Его пальто заношено, а ботинки явно не годятся для осени, и Анна невольно бросает на него то и дело короткие взгляды, пытаясь разгадать, в каких условиях ему приходится жить и творить. Эти мысли прогоняют улыбку с ее лица, заставляя глядеть на посетителей исподлобья.
Ее напарница непременно бы заметила эту перемену в ней, если бы сама не была так вымотана. С отстраненным лицом и слабой улыбкой Нора обслуживает покупателей. Анна знает, что та опять не выспалась. Девушка живет с сестрой, борющейся с недугом, и все ее свободное время уходит на заботу о больной. «Хоть бы раз выспаться вдосталь!» – как-то пожаловалась она ей.
– А что за грусть-тоска в такой ясный день?
Эд сам убирает за собой посуду, хоть и не обязан. Нора улыбается чуть искреннее и забирает его поднос, Анна же отвечает ему легким кивком головы, раскладывая в корзины на прилавке новую порцию свежей выпечки.
– Прочтешь? – Эд протягивает ей рукопись – стопку листов, прошитую от руки грубой толстой ниткой.
Анна берет ее в руки и пролистывает, наслаждаясь весом плотной бумаги в руках. Она сделает это с удовольствием. Например, завтра, в свой выходной.
– Напиши, что думаешь, на последнем листе.
Эд смущенно благодарит Нору за пакет с выпечкой, который та сует ему на прощание, пока управляющий не вышел в зал, и уходит прочь.
Анна хочет отложить рукопись в сторону, под прилавок, но ее глаза уже зацепились за первое предложение на первой странице:
«В одном далеком-далеком королевстве, за дремучими лесами, за глубокими и чистыми, как небесные колодцы, озерами, за заснеженными пиками крутых гор в своей одинокой, затерянной на нехоженом болоте хижине жила заколдованная дева…»
Анна бы так и продолжала читать, но Нора вовремя напоминает ей об очереди, и она все же прячет рукопись.
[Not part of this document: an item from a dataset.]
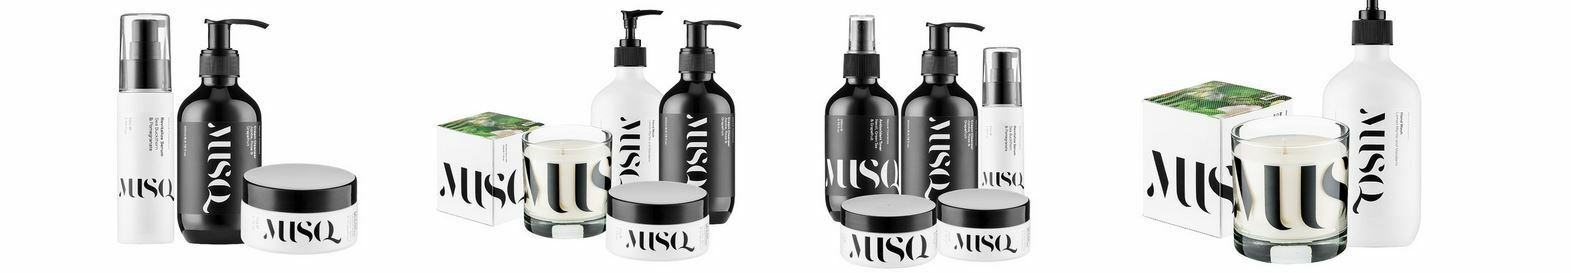 Musq - Aus Made Natural Cosmetics

Вечером она возвращается домой в приподнятом настроении, испытывая душевный подъем, свойственный приятным переменам в жизни, хотя никаких перемен с ней так и не случилось.
Это по-прежнему она, такая, какая есть, возвращается в свою такую знакомую, такую привычную и такую неизменную, как и весь размеренный уклад жизни на этой улице, мансарду.
Старая мебель, не покидавшая помещение десятилетиями, на месте, все ее маленькие сокровища, составляющие радость жизни, – тоже.
Ничего не изменилось. Хотя что-то неуловимое все же успело прокрасться в дом вместе с ней. Анна еще не может вычислить этого тайного гостя, но уже уверена в его присутствии.
И только когда она садится ужинать у кухонного окна, наблюдая, как над серыми, будто вырезанными из бумаги крышами на фоне рыжей полосы заката сгущаются ранние осенние сумерки, Анна угадывает, что же сегодня не так.
Предвкушение.
Вот что поселилось в ее маленьком жилище. Она ждет позднего вечера, ведь где-то глубоко внутри нее теплится надежда, что она вновь увидит того мужчину, что выходил вчера ночью подышать свежим воздухом.
Время после ужина она проводит в томительном ожидании. Старенький громоздкий телевизор барахлит, но все же показывает все пять своих каналов, но Анна не находит, чем занять себя. Она то и дело бросает взгляды в окно на соседний дом.
С чего она, кстати, взяла, что он покажется?
Время идет, но все лоджии высотки привычно закрыты от посторонних глаз. Тонированное стекло не дает никакой возможности подсмотреть за соседями.
Анна выключает телевизор и остается в темноте. Закусывает в сомнении ноготь большого пальца на руке, а потом выставляет патефон на подоконник и заводит пластинку. Не вчерашнюю, другую. Ту песню, что ей самой хочется сегодня пропеть. Сама же она отодвигается от проема и от лунного света, чтобы остаться незамеченной.
Первые аккорды несутся над крышами, выше, к чистому небу и полной луне. Анна прислоняется к внутренней стороне оконного откоса и, затаившись, глядит на дом, сделавшийся для нее вдруг таким значимым. То, чего она прежде не замечала, теперь занимает все ее мысли.
Мягкий, с хрипотцой голос допевает припев, когда окна на четвертом этаже открываются, и Анна видит того, кто уже успел сделаться причиной ее беспокойства за прошедший день.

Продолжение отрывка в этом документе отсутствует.